The crisis of the churches is kairos, challenge, opportunity. The time has come for the self-transcendence of Christianity. The Church must also abandon its fixation on its “little self,” its fixation on just its institutional form at a given moment in history, or on its institutional interests. The terms clericalism, fundamentalism, integralism, traditionalism, and triumphalism denote various manifestations of the Church’s self-centeredness, its fixation on what is superficial and external. To succumb to nostalgia for an idealized past, is to be stuck in a too narrow (and often narrow-minded) form of Christianity—a sign of immaturity.

What is the future of Christianity? If the mystery of the Incarnation continues in the history of Christianity, then we must be prepared for Christ to continue to enter creatively into the body of our history, into different cultures—and to enter there often with the same inconspicuousness and anonymity as he once did into the stable of Bethlehem. If the drama of the crucifixion continues in history, then we should learn to accept that many forms of Christianity die painfully, and that this dying includes dark hours of abandonment, even a “descent into hell.” If, in the midst of history’s changes, our faith is still to be a Christian faith, then the sign of its identity is kenosis, self-surrender, self-transcendence.
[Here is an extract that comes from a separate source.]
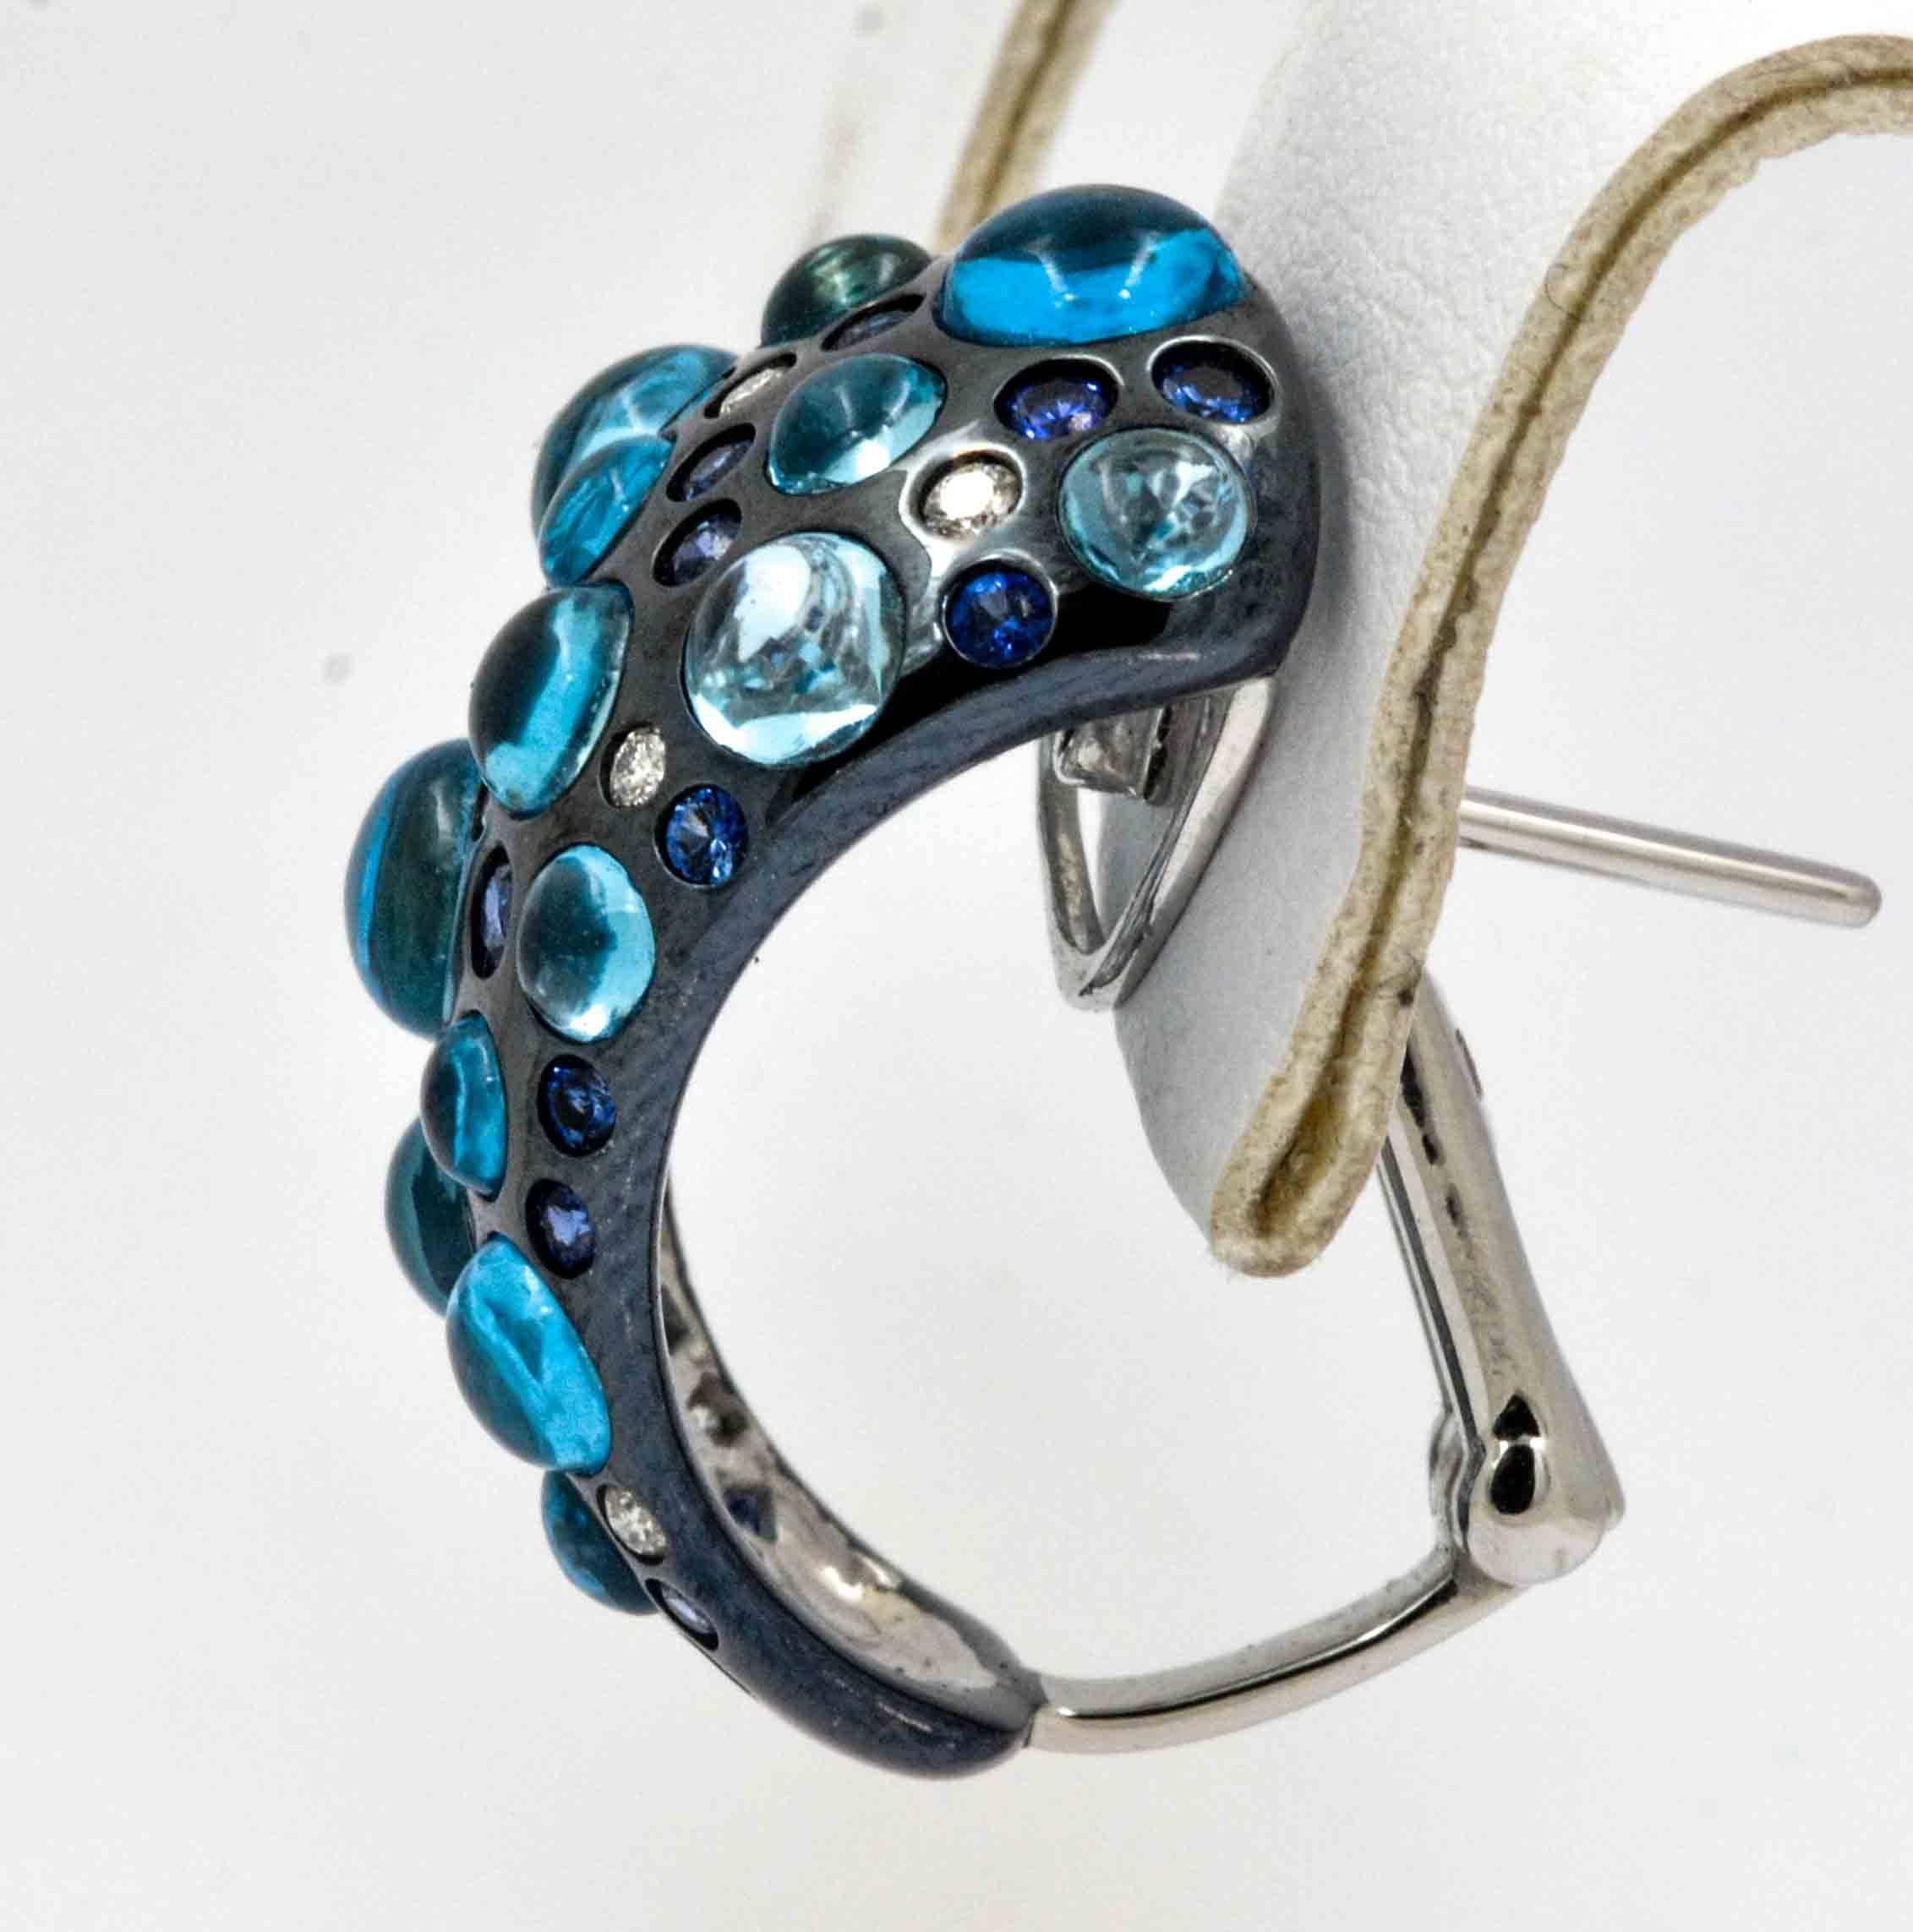 It's all about the dazzle in these Rodney Rayner 18 karat white gold and gleaming black rhodium contrasting majestically in these unique half-hoop earrings. With appealing round, cabochon-cut blue topaz (12.56 carats), tantalizing round

If the mystery of the Resurrection continues in history, then we should be prepared to seek Christ not among the dead, in the empty tomb of the past, but to discover today’s Galilee (“the Galilee of the Gentiles”), where we will find him surprisingly transfigured. He will once again walk through the closed doors of our fear, he will show himself by his wounds. I am convinced that this Galilee of today is the world of seekers beyond the visible boundaries of the Church.

If the Church was born out of the event of Pentecost, and this event continues in its history, then it should try to speak in a way that can be understood by people of different cultures and languages; it should be constantly learning to understand foreign cultures and different languages of faith; it should teach people to understand each other.

Many of our concepts, ideas, and expectations, many forms of our faith, many forms of church and theology must die—they were too small. Our faith must surmount the walls built by our fears and our lack of courage to venture out like Abraham along unknown paths into an unknown future. In our new journeys, we will probably meet those who have their own ideas about the direction and destination, ideas that are surprisingly unfamiliar to us, but even these encounters are a gift to us; we must learn to recognize them as our neighbors and make ourselves their neighbors.